Front. Ecol. Evol., 21 January 2015 |

Ballooning behavior in the golden orbweb spider Nephila pilipes (Araneae: Nephilidae)

  • 1Behavioural Ecology and Sociobiology Lab, Department of Biological Sciences, National University of Singapore, Singapore, Singapore
  • 2Centre for Behavioural Ecology and Evolution, College of Life Sciences, Hubei University, Wuhan, China
  • 3Scientific Research Centre, Institute of Biology, Slovenian Academy of Sciences and Arts, Ljubljana, Slovenia
  • 4Department of Entomology, National Museum of Natural History, Smithsonian Institution, Washington, DC, USA

Ballooning, a mode of aerial dispersal in spiders, is an innate behavior that requires appropriate physiological and meteorological conditions. Although only rarely reported in the golden orbweb spiders, family Nephilidae, the large geographic distributions of most nephilids—in particular of Nephila species—would imply that these spiders likely routinely disperse by ballooning in spite of giant female sizes. Here we study ballooning behavior in the golden orbweb spider Nephila pilipes (Fabricius, 1793). Specifically, we test for the propensity of spiderlings to deploy ballooning as a dispersal mechanism. We subjected a total of 59 first-instar spiderlings to a wind experiment at two wind speeds (2.17 ± 0.02 ms−1 and 3.17 ± 0.02 ms−1) under laboratory conditions. Under an average wind speed of 3.17 ms−1, none of the spiderlings exhibited pre-ballooning or ballooning behavior. However, at an average wind speed of 2.17 ms−1, 53 (89.8%) spiderlings showed pre-ballooning behavior, and 17 (32.1%) of the pre-ballooners ultimately ballooned. Our results concur with prior reports on spiderlings of other families that pre-ballooning behavior is a requirement for ballooning to occur. Furthermore, although we cannot rule out other dispersal mechanisms such as synanthropic spread, our findings suggest that the widespread N. pilipes uses ballooning to colonize remote oceanic islands.


Airborne travel, or ballooning, is a common mode of dispersal in caterpillars, mites, and spiders (Bell et al., 2005). Ballooners are organisms that are attached to a line of any material such as silk, which exploit meteorological conditions and innate behaviors that combined allow drag-induced lift and thus enable the body to become airborne (Bell et al., 2005). Ballooning enables colonization of remote islands and thus plays a prominent role in dispersal biogeography (McCook, 1878; Suter, 1999; Kuntner and Agnarsson, 2011; Agnarsson et al., 2014). Ballooning is well documented in many families of spiders, particularly in Linyphiidae (reviewed in Bell et al., 2005). Much research concerns which spiders disperse by ballooning (Greenstone et al., 1987; Duffey, 1997), how ballooning works (Eberhard, 1987; Reynolds et al., 2006), how it varies between taxa (Richter, 1970; Tolbert, 1977; Greenstone, 1982; Schneider et al., 2001), and what conditions facilitate this behavior (van Wingerden and Vugts, 1979; Greenstone, 1990; Weyman, 1995; Bonte et al., 2003). As a mode of dispersal, ballooning also affects the genetic makeup of populations by increasing gene flow and should be included in models that describe or predict current and future species distributions (Humphrey, 1987; Suter, 1999; Reynolds et al., 2006; Su et al., 2007; Kuntner and Agnarsson, 2011; Năpăruş and Kuntner, 2012; Kuntner et al., 2014).

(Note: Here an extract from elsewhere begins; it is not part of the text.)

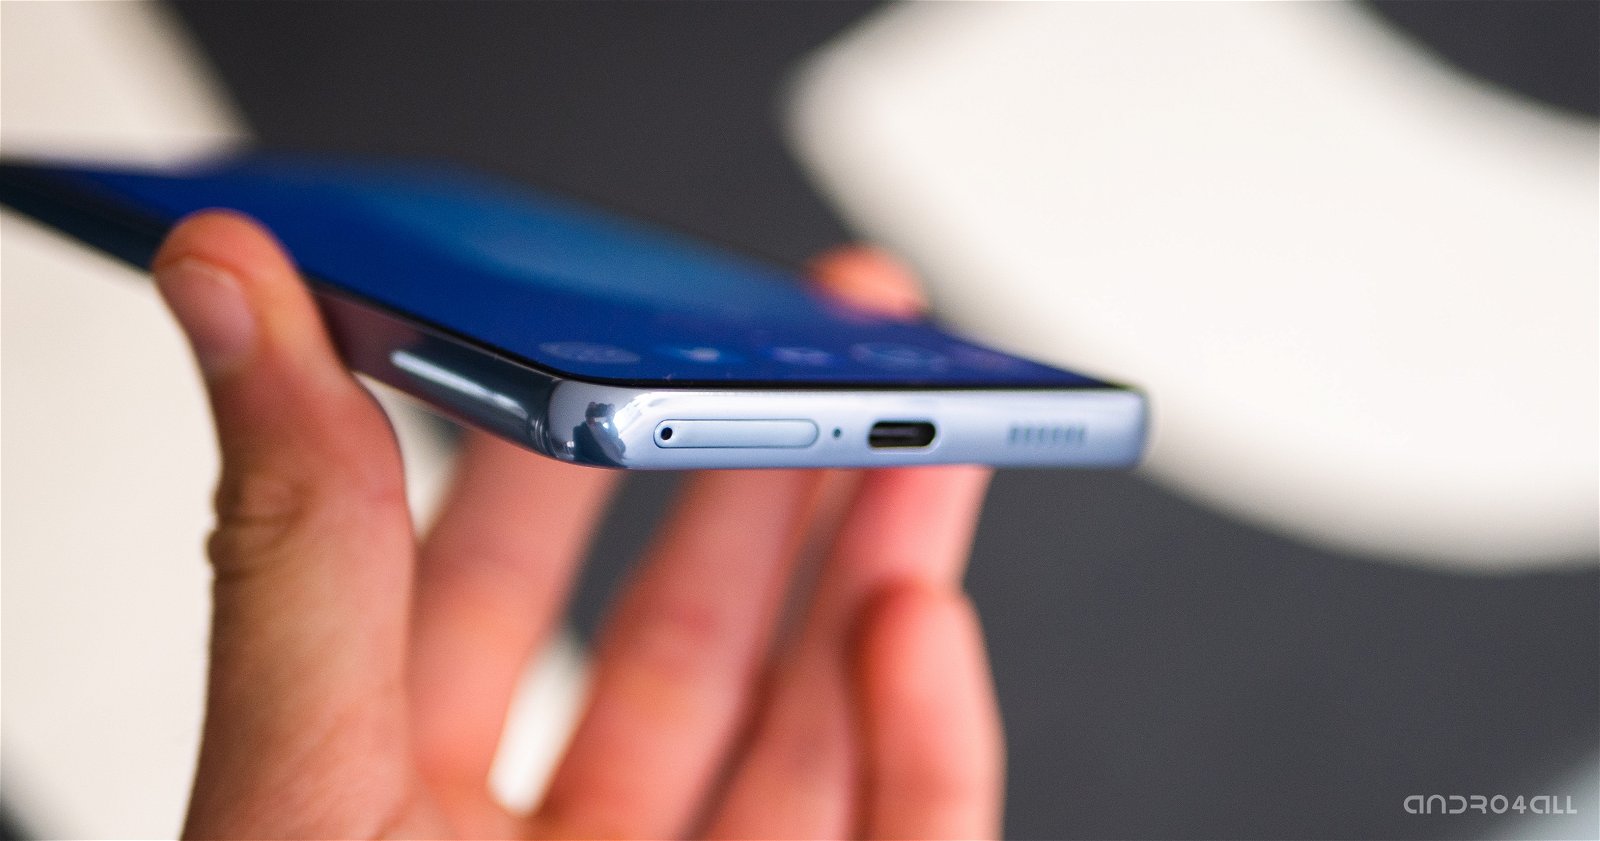 Samsung Galaxy A53 5G: características, ficha técnica y precio

Beyond the innate ability to balloon, the behavior requires favorable environmental conditions. Meteorological conditions such as air speed, presence of uplifting wind, humidity and temperature are among the factors affecting ballooning (Richter, 1970; Bishop, 1990). Vugts and van Wingerden (1976) showed that wind velocities greater than 3.00 ms−1 reduce the rising air movements and thus decrease the success rate of aerial dispersal in Erigone arctica (White). Ballooning during daylight hours, when wind speed is less than 3 ms−1 is further documented by other studies in E. arctica, Argiope trifasciata (Forskal), A. aurantia (Lucas) and in linyphiids (Vugts and van Wingerden, 1976; Tolbert, 1977; Greenstone, 1982; Suter, 1999). Richter (1970) tested four wolf spiders (Pardosa spp.) for aeronautic behavior in varying temperatures and humidities, and found more ballooning activity in higher temperatures and lower humidity. The above studies thus agree that for the species tested, warm and dry weather facilitates aerial dispersal. More spiders balloon during daytime exploiting convection caused by the sun's heat (Bell et al., 2005).

Individual behavior also affects ballooning, for instance, spiders may seek new suitable habitat when their current one is no longer favorable for their population or survival is overcrowded with conspecifics (Duffey, 1997). Many studies have demonstrated that overcrowding and food shortage can stimulate aerial dispersal, but it remains unclear if other environmental factors can induce this behavior (Duffey, 1997). Spider size additionally determines their ability to balloon (Suter, 1999): only relatively small spiders can rely on ballooning for dispersal over long distances (Suter, 1999).

The wind uplift is a pre-requisite for any ballooning behavior (Greenstone, 1982) and ballooning spiders exhibit one of the two types of pre-ballooning behaviors, “tiptoe” position and “rafting” (Bell et al., 2005). The “tiptoe” position involves a spider usually climbing toward an exposed and elevated site (e.g., blade of grass, twig, flower head, or fence post) and emitting silk into rising airstream (Drake and Farrow, 1988; Bishop, 1990; Li and Margolies, 1994). Spiders may increase the length of the silk, or increase the number of strands of silk being released to increase drag force and hence, heighten the chance of traveling further (Bell et al., 2005).

“Rafting” involves anchoring a strand of silk to a post of plant and then paying out silk from the terminal point of the line (Eberhard, 1987). According to Bell et al. (2005), the spiders are already airborne at this moment but still attached to an anchor, seeming to ride the air on a raft, usually on a horizontal plane. Spiders rotate and may release one or more unanchored silk into the air, waiting for the right time to take the uplift of wind and balloon (Tolbert, 1977; Coyle, 1983; Decae, 1987; Bell et al., 2005). Spiderlings of some species are capable of dropping and dangling from a plant on its dragline, where the spiderlings swing in the wind from a slowly lengthening thread, followed by the breaking of the thread and ballooning (Barth et al., 1991).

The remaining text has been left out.